Girls shriek louder and now combine it with holding out hands to catch the spray from the automatic sprinkler–it’s programmed to warn you, then “thunder” occurs and the mist comes down. Very clever. Kids love it.
EVERYONE in Produce is now staring/glaring at mother. This high pitched squeeling just doesn’t stop.
Family from hell is now moseying towards the deli counter. Oh no! I need to go to the deli counter! I grit my teeth and move towards it.
Mom and kids get there first. Girls are now calling each other names, at top volume. Mom does bupkus. She orders whatever. Woman behind counter looks at mom, looks at girls and back again. Nothing.
Elderly black woman is in line before me. I can tell from the set of her back that she is about to say something to mom/girls. Younger girl makes a run for it towards cereal/bread aisle. Mom looks up (finally!) and moves off to get her daughter–leaves the counter. Older girl now calling younger one by name as she moves off with mom et al.
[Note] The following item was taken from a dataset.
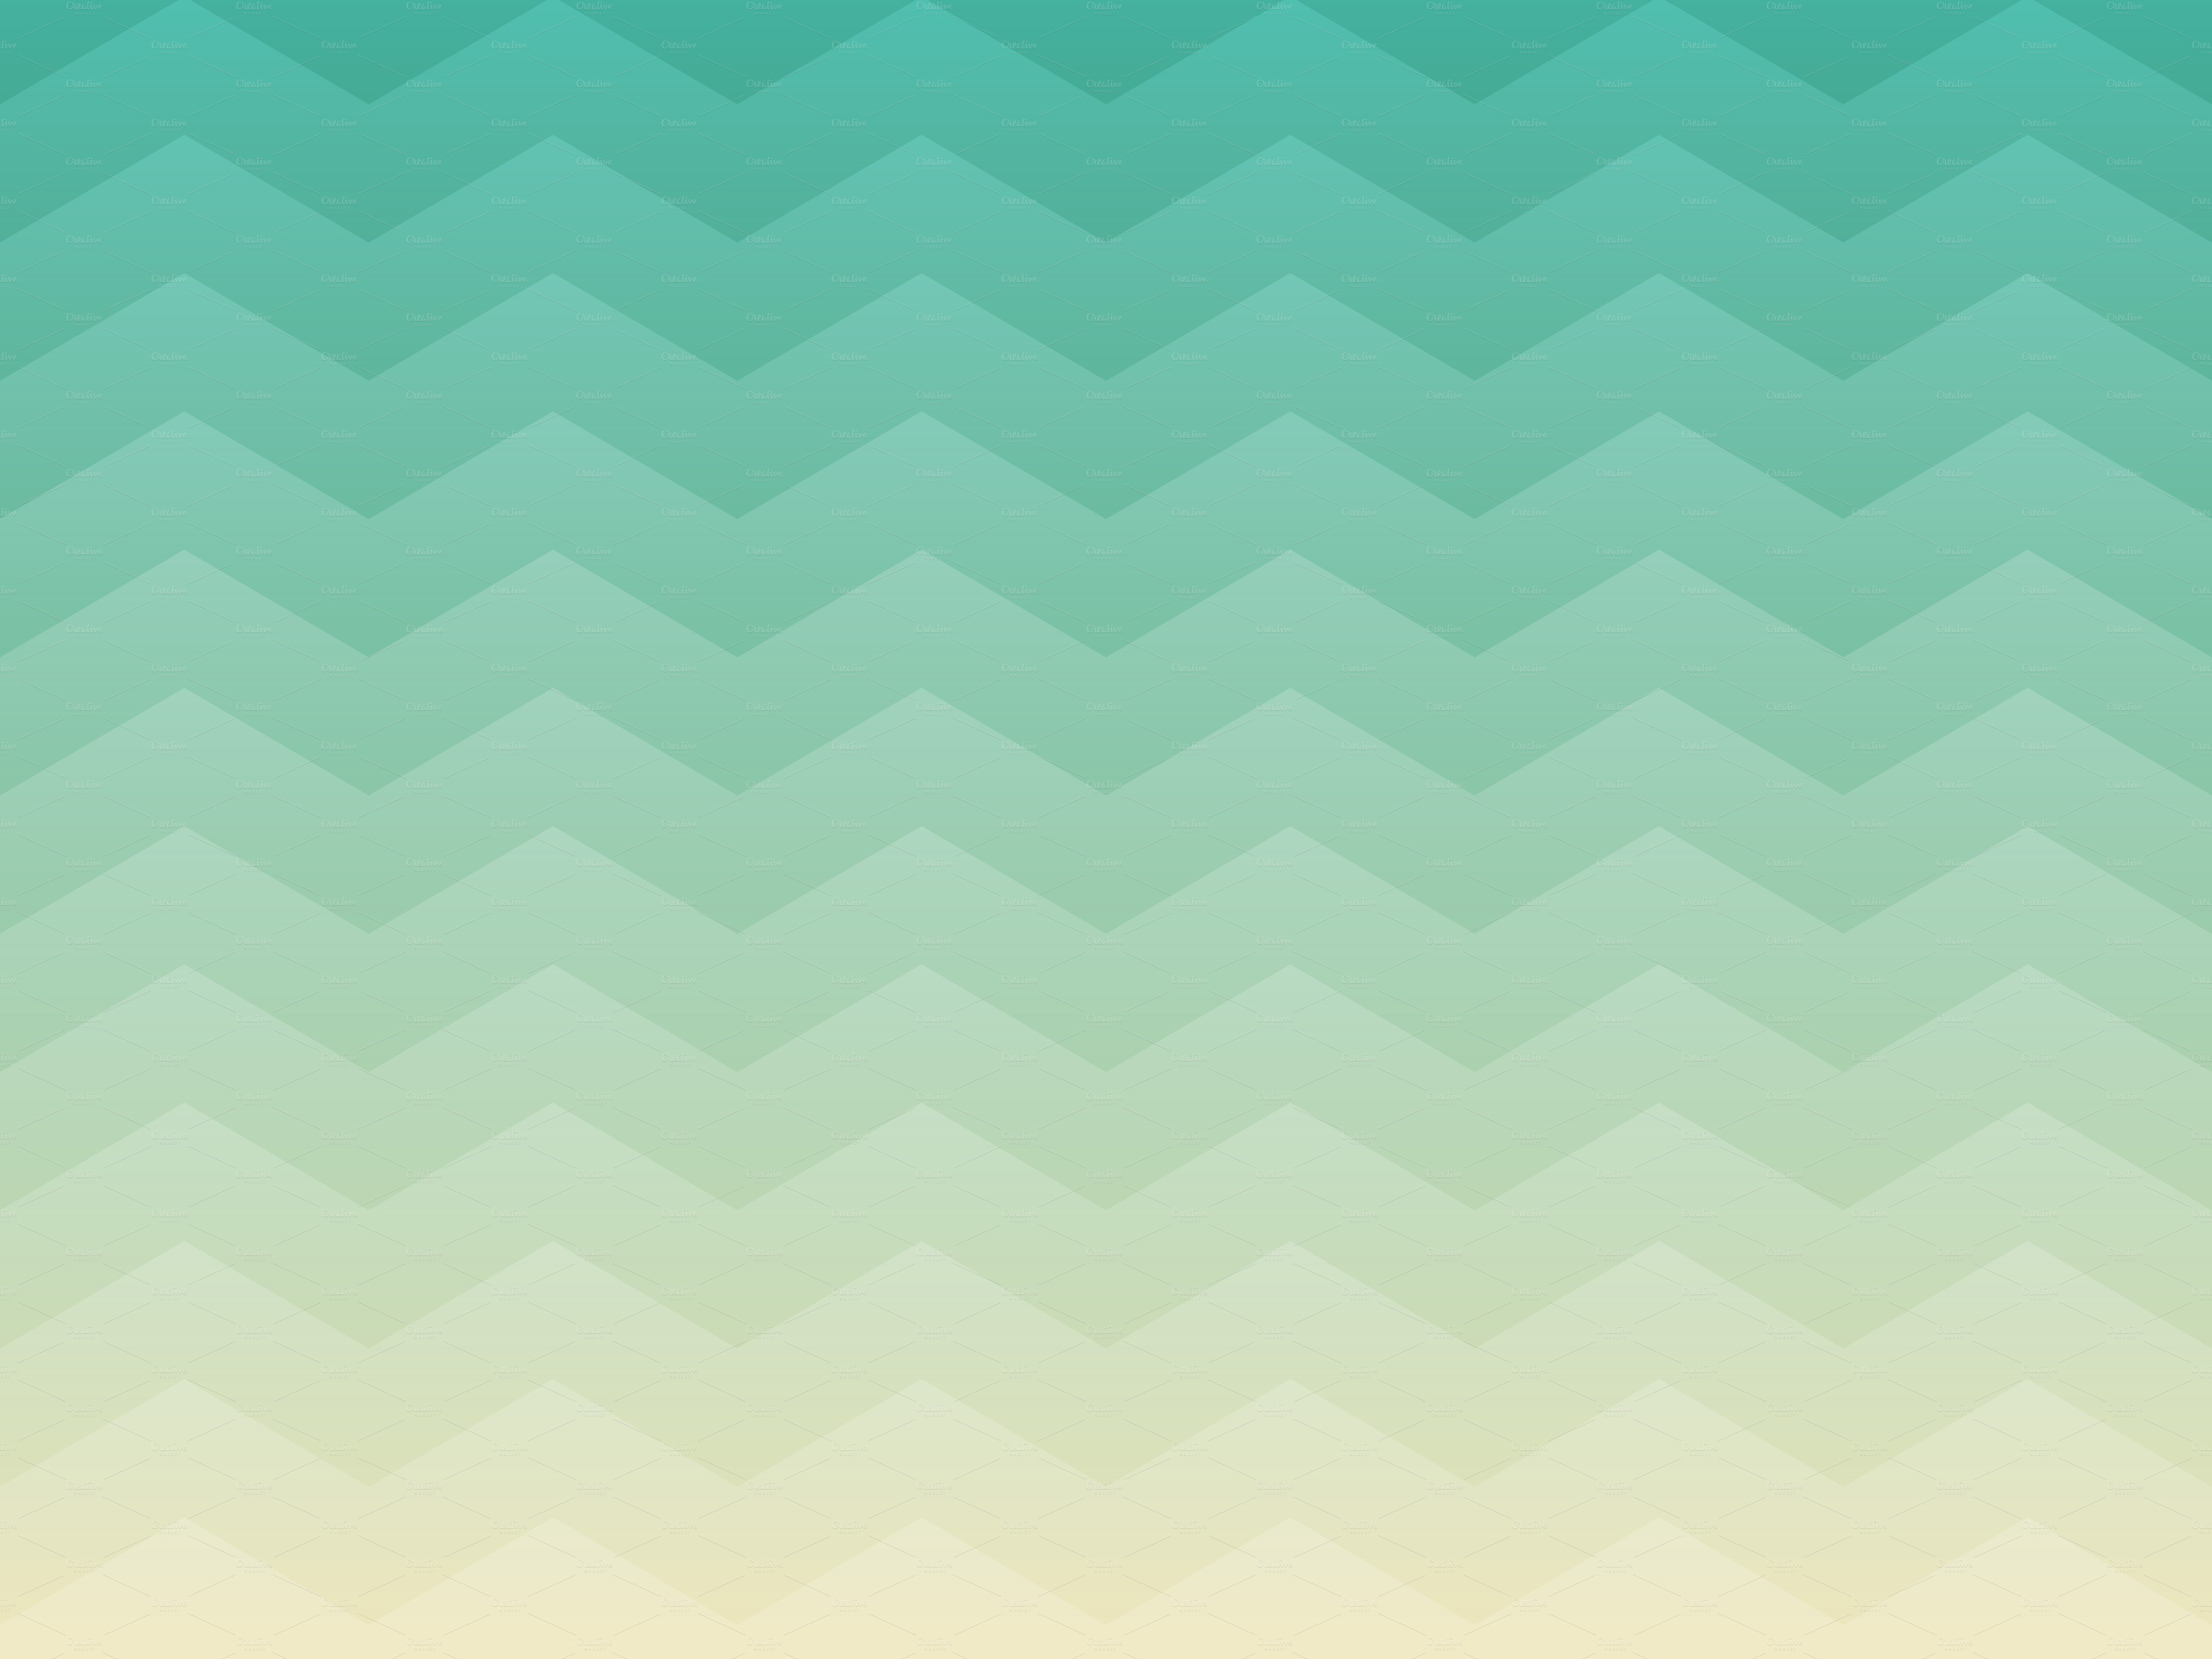 Sea geometric backgrounds Textures on Creative Market 4800x3600

Deli lady, elderly black lady and I look at each other. I say softly, “aren’t kids supposed to seen and not heard?”–and we all laugh.
I dont’ care if this woman makes homemead bread and sews her girls those matching outfits. I don’t care if she gives half her income to charity–she has no control over her kids in public and that to me is a huge black mark.
There is no reason the general public should have to put up with that-ever. Distress is entirely different. This woman most likely has become innured to the decibel level–the rest of us haven’t. She is doing the kids no favors.
I have to agree. The 8,000 times I take my daughter out and about without incident are unnoticed by the general public, and rightly so. One time we were in Target and she asked for something she couldn’t have. For some reason when I said “No” this time she took it poorly and started to cry. Instantly I had judgemental eyes all over me including one gentleman’s lovely, “Jesus Christ.” I told my daughter the issue wasn’t up for arguement and I would talk to her when she was done. Noone noticed one minute later when she stopped crying, apologized with a “Sorry, Mommy” and we merrily finished our shopping trip.
Before anyone jumps in - No, I don’t take her to fancy resteraunts or anything other than kid movies. No, this isn’t the norm for her behavior. No, I think leaving the store at that moment was unnecessary because I happen to know my child better than anyone else. Yes, other incidents with other children could have other factors. Yada Yada Uada
We could examine them with an electron microscope and still not find a non-evasive answer to a repeated, direct question.
The strawmen continue piling up.
Interesting, though, how the “few minutes” that Shodan allowed his kids to carry on free of parental interference, have now mysteriously decreased to “thirty seconds”.
Right-wingers tend to be big on Personal Responsibility and express contempt for the “It takes a village to raise a child” mantra. Funny how that all goes out the window when Shodan is talking about My Chil-druhn.
I don’t think anyone’s defending worthless bitches like that mother. Her kids ought to be taken and put in a home where they’ll receive a decent upbringing, because she’s going to turn them into idiots who are incapable of surviving in the real world.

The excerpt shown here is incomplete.